Error Likely cause Fix
New Connected App is missing Spring ’26 creation restriction. Use an external client app for new work unless Salesforce Support confirms an exception.
redirect_uri_mismatch Callback URL mismatch. Match the redirect URI exactly, including scheme, host, and path.
invalid_client Wrong key, secret, domain, or authentication method. Verify credentials and rotate the secret if exposure is possible.
Valid login but API failure User lacks API, object, field, or Apex access. Fix the permission set assigned to the integration user.

Frequently Asked Questions

Is a connected app deprecated in Salesforce?

Existing connected app integrations can continue to run, but creating new legacy apps is restricted as of Spring ’26. For new Salesforce API authorization work, start with an external client app unless you have a documented legacy requirement.

Should I use a connected app or external client app in 2026?

Use an external client app for new integrations, especially when packaging, subscriber policy control, or long-term governance matters. Keep an existing OAuth app only when it is working, documented, secured, and not ready for a tested migration.

Why is New Connected App missing in Salesforce Setup?

The action can be unavailable because Salesforce restricts creation starting with Spring ’26. Check Salesforce Help for the current release behavior and use External Client App Manager for new work where possible.

Do external client apps support username-password OAuth flow?

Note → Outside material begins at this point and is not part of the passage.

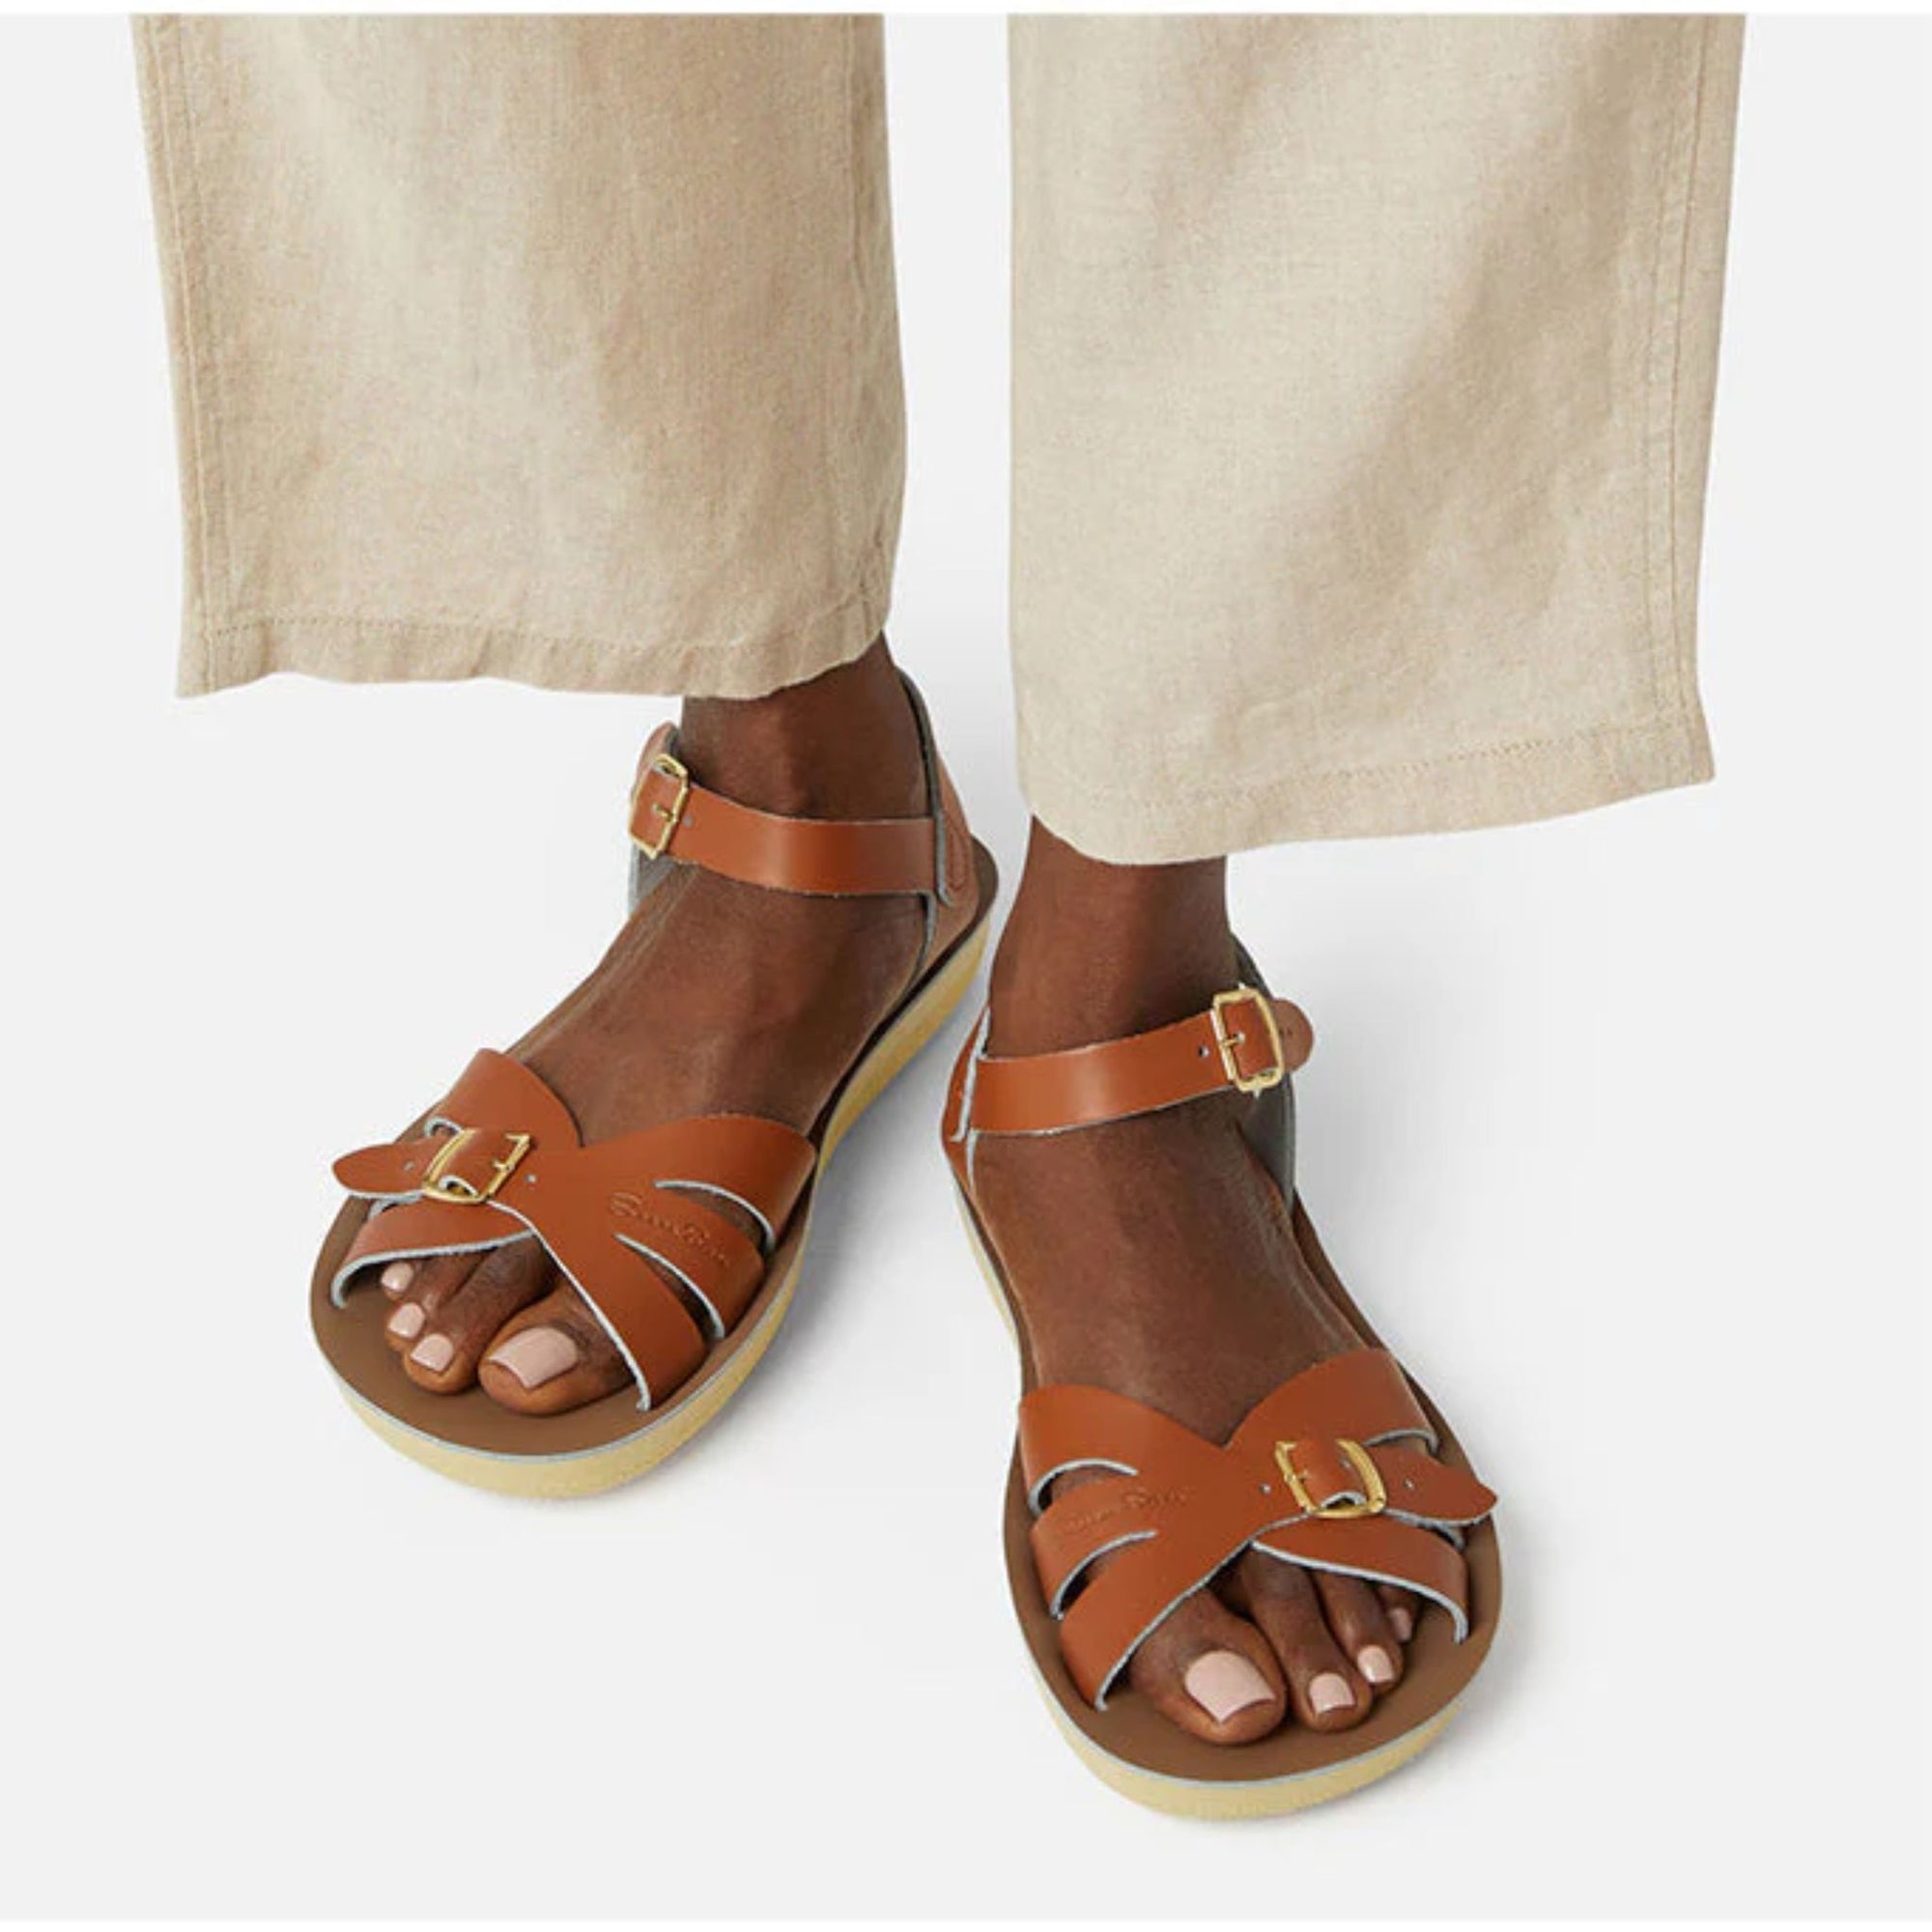 Salt-water Sandals Boardwalk Adult - Tan

No. Salesforce migration guidance says ECAs do not support username-password flow. Redesign the integration with client credentials, JWT bearer, web server flow, or another supported OAuth pattern before migration.

Can I migrate a connected app to an external client app?

Salesforce provides migration guidance for supported local apps. Before migration, check OAuth flow support, callback URLs, policies, packaging needs, and any connected-app-only feature your client depends on.